• [INFORMATION SHOWN]:
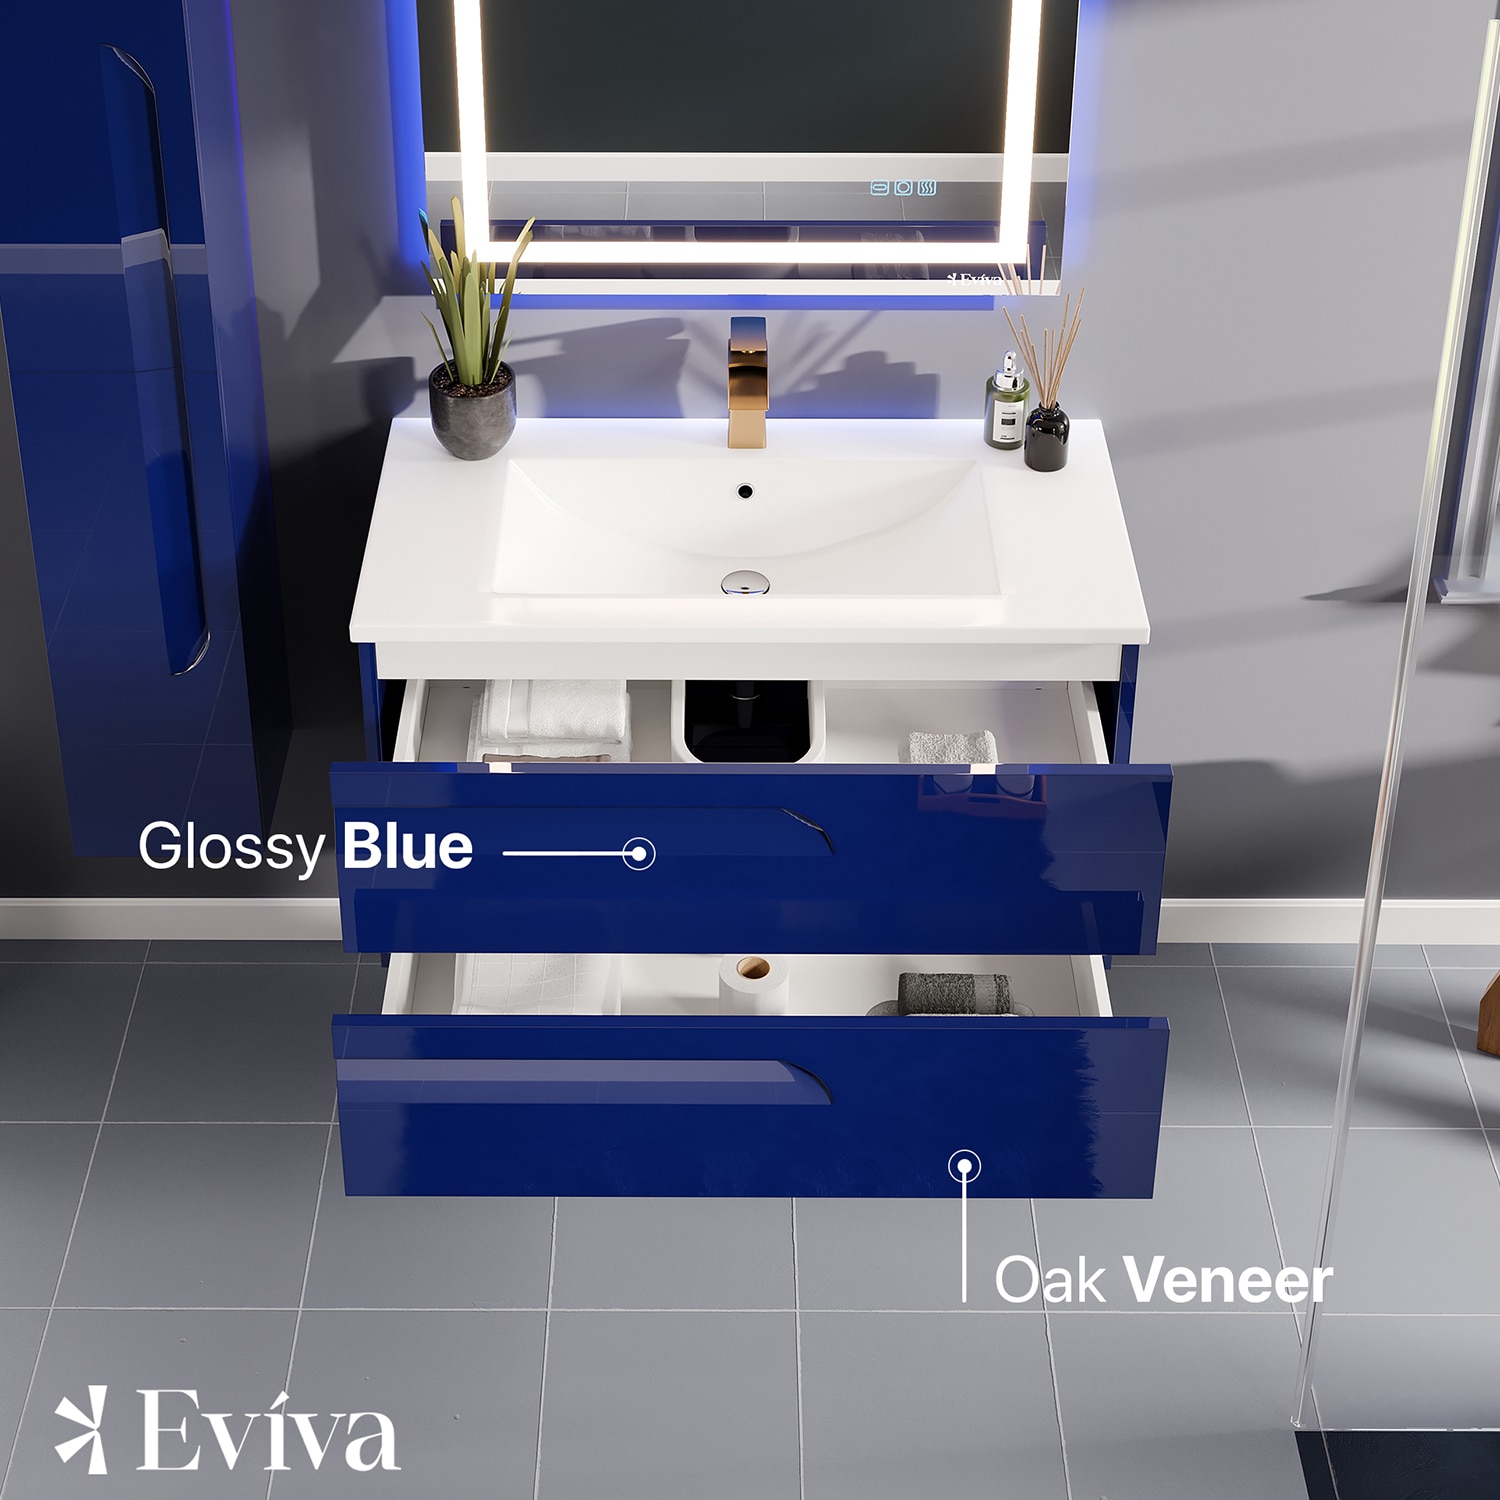 Eviva Joyous 39 In Blue Single Sink Floating Bathroom Vanity With White Porcelain Top In The
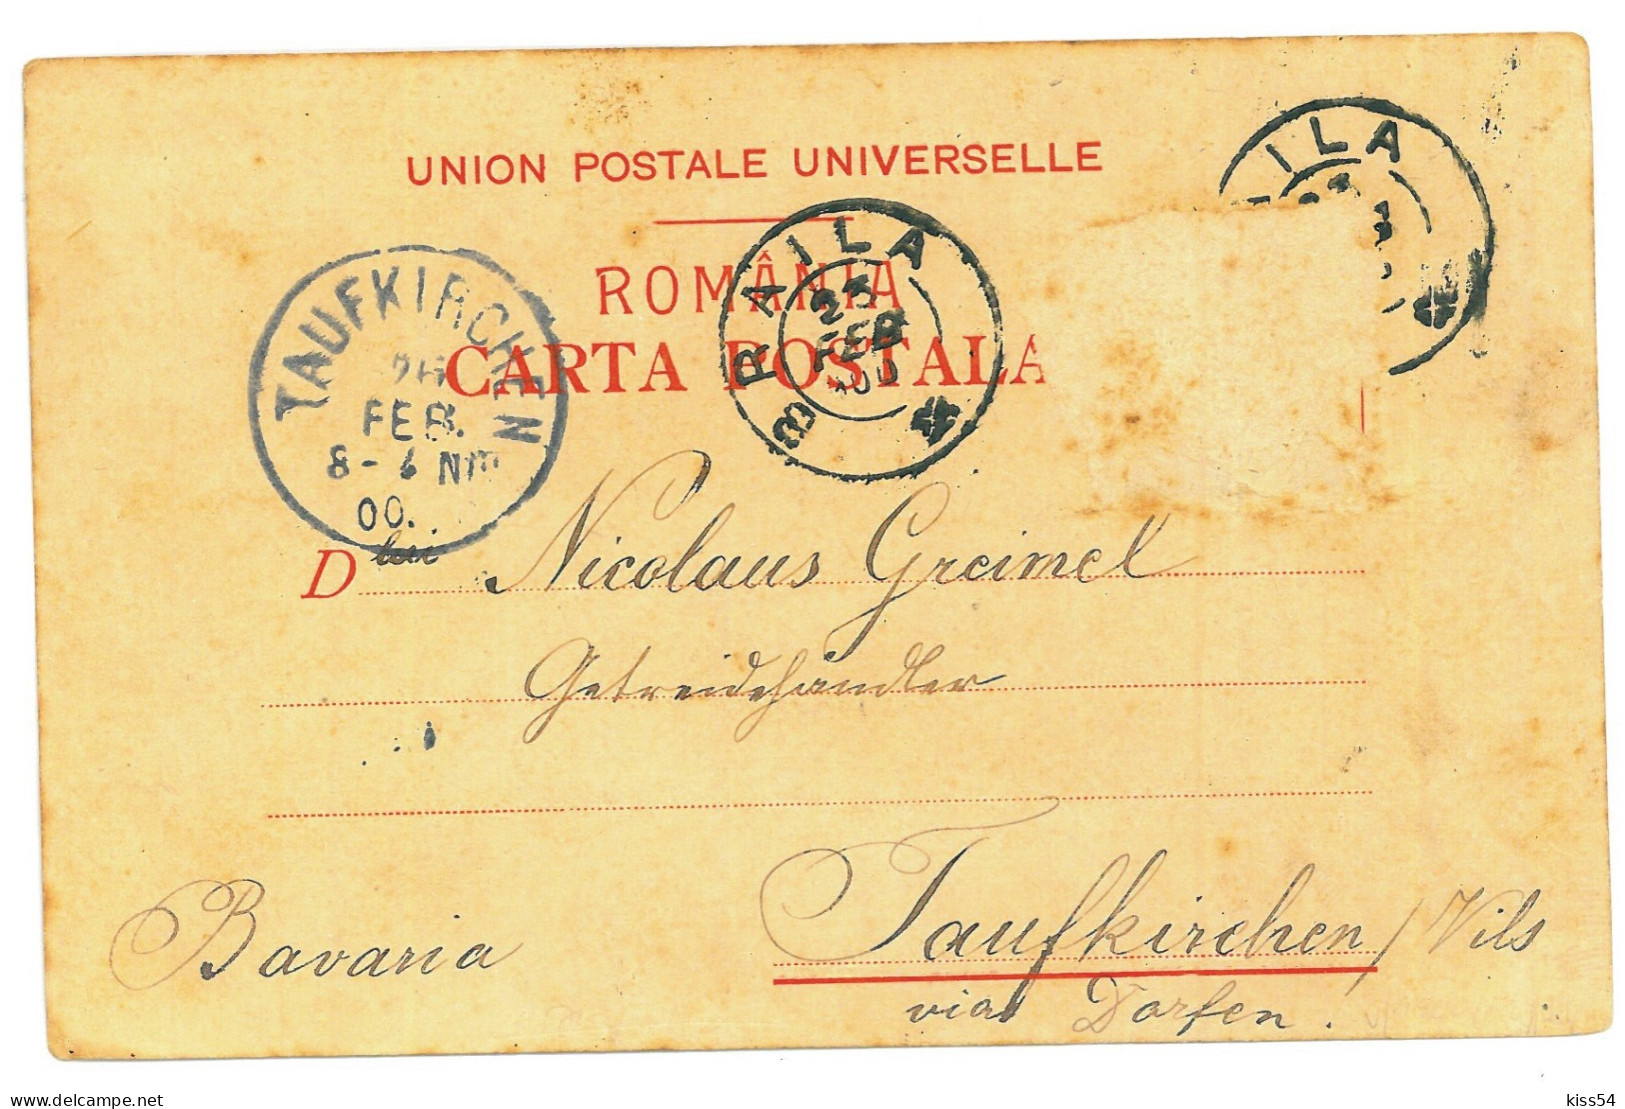 RO 83 - 20284 ETHNIC, Family, Litho, Romania - Old Postcard - Used - 1900 - Romania
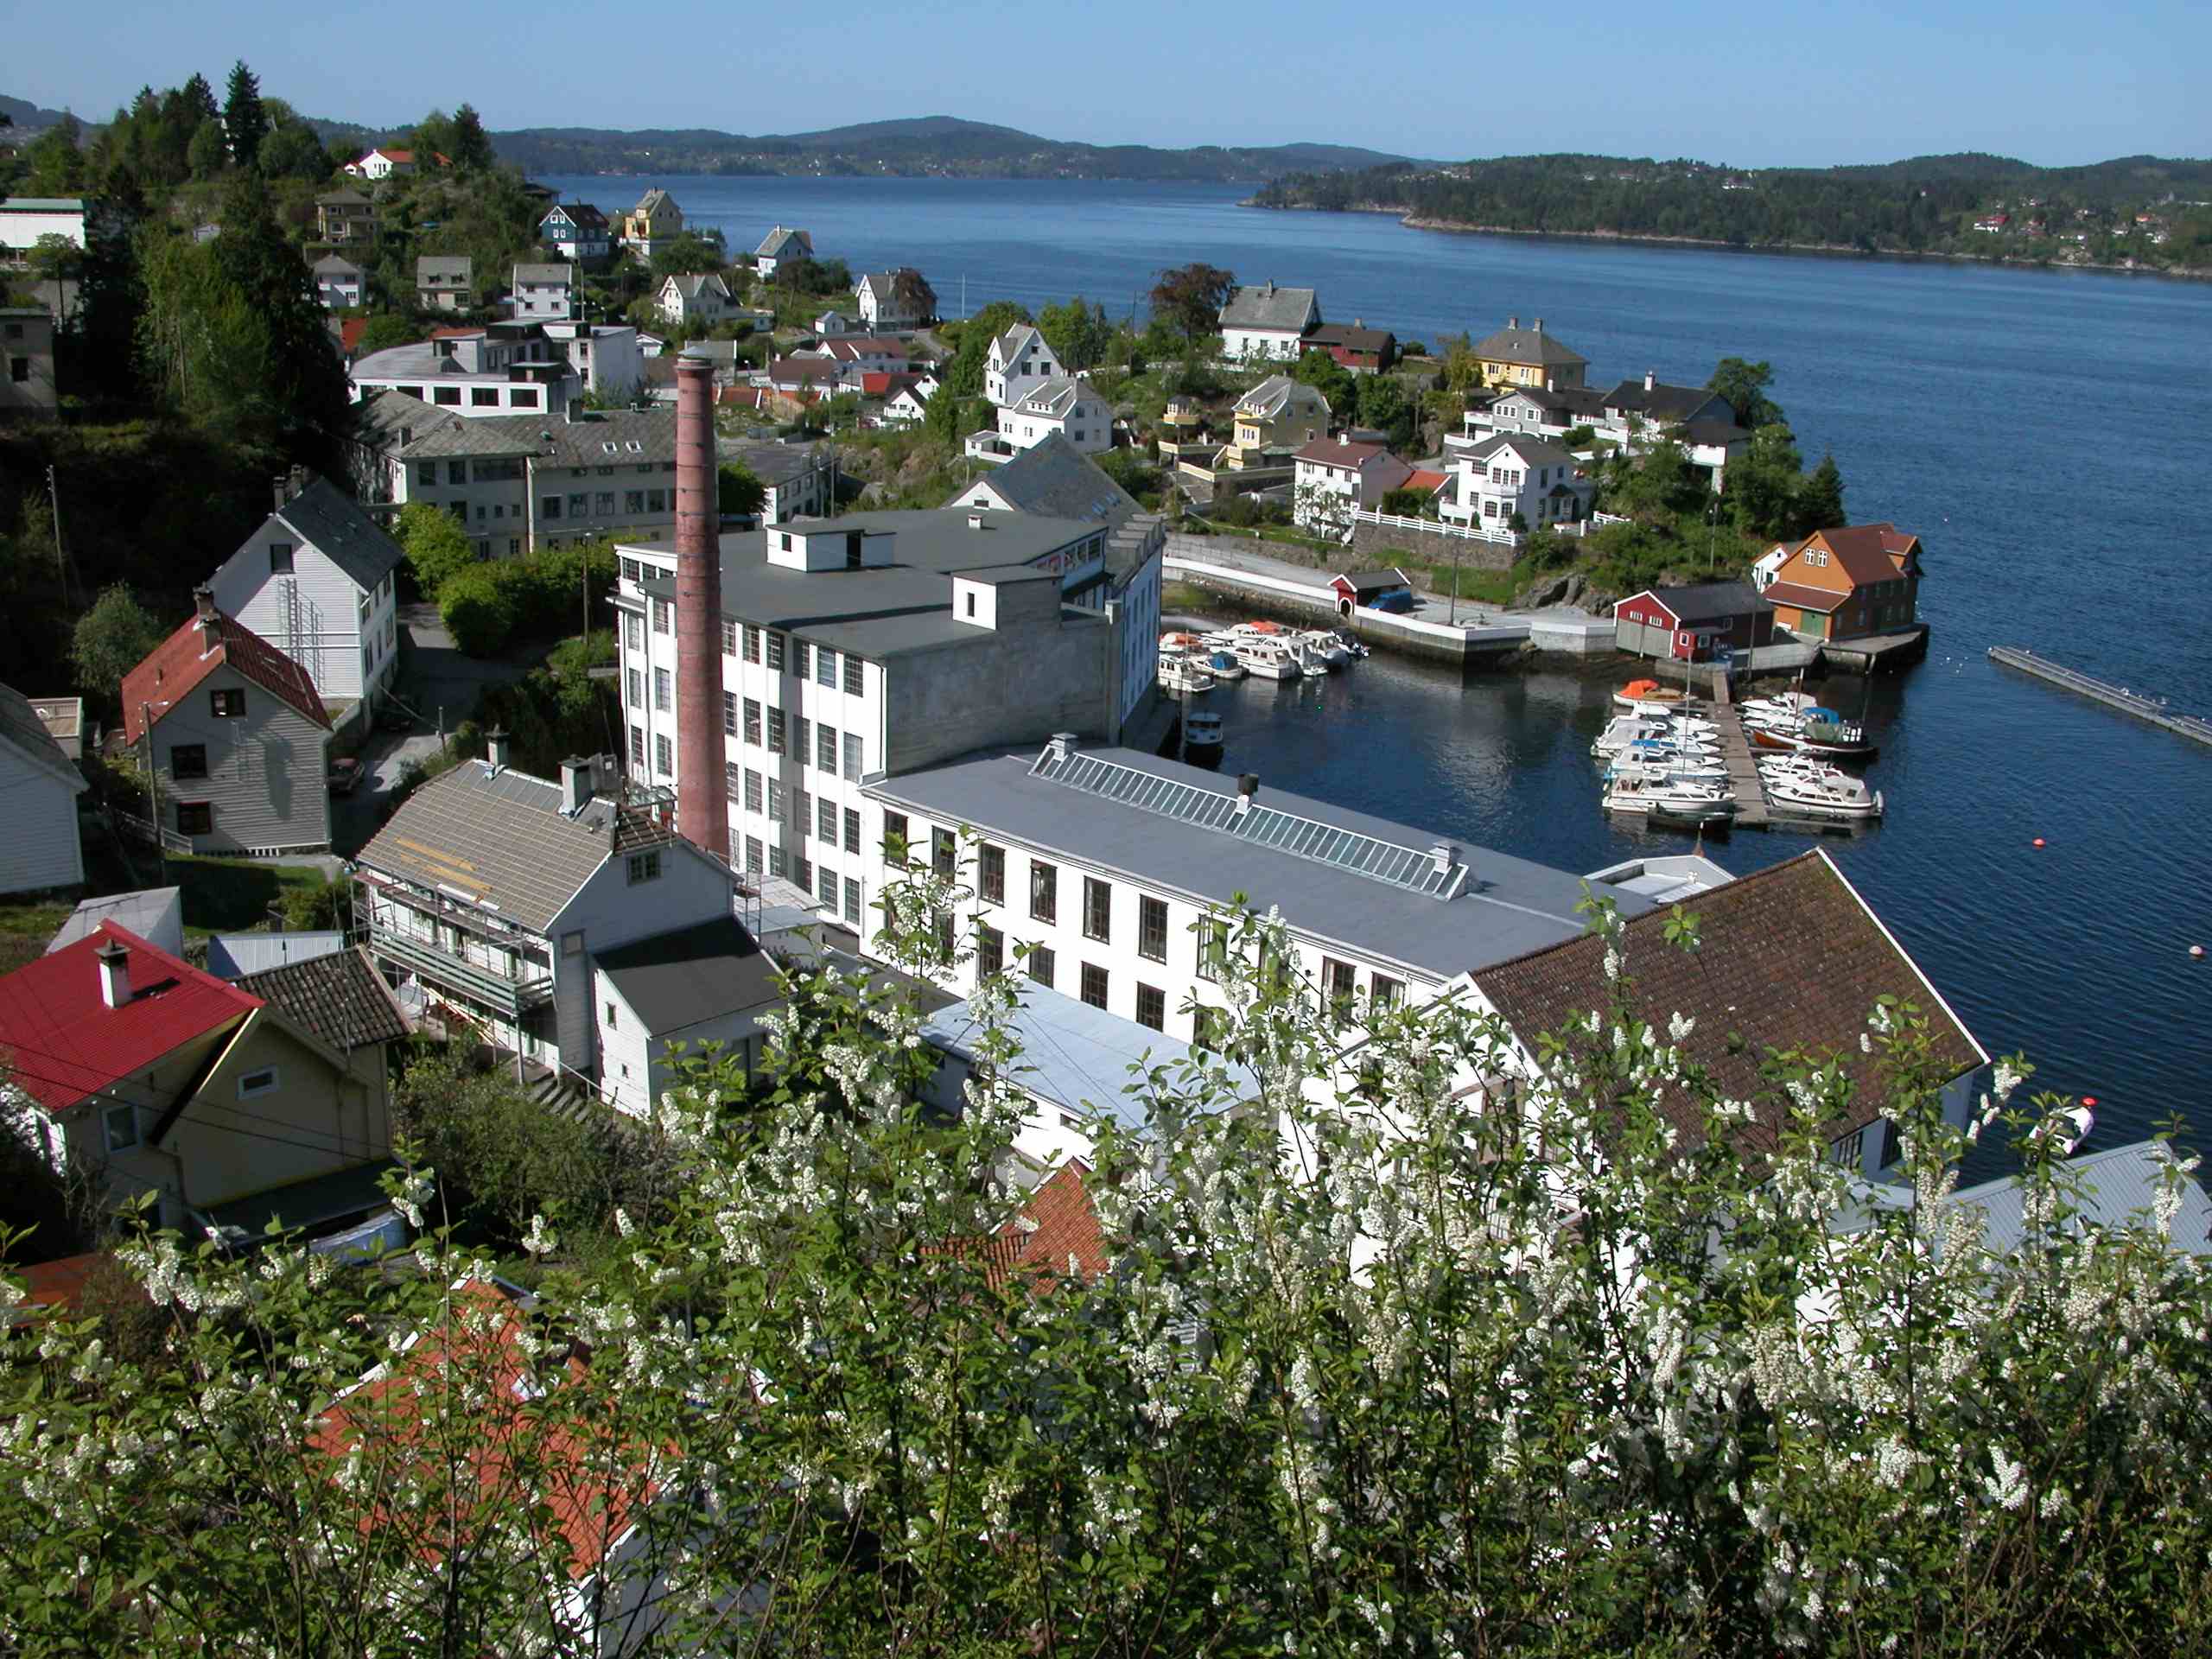 Norsk Trikotasjemuseum

• [REQUIREMENT]:
Print verbatim every line above, apart from the pictures.

• [ANSWER FOR THIS EXERCISE]:
 Eviva Joyous 39 In Blue Single Sink Floating Bathroom Vanity With White Porcelain Top In The
 RO 83 - 20284 ETHNIC, Family, Litho, Romania - Old Postcard - Used - 1900 - Romania
 Norsk Trikotasjemuseum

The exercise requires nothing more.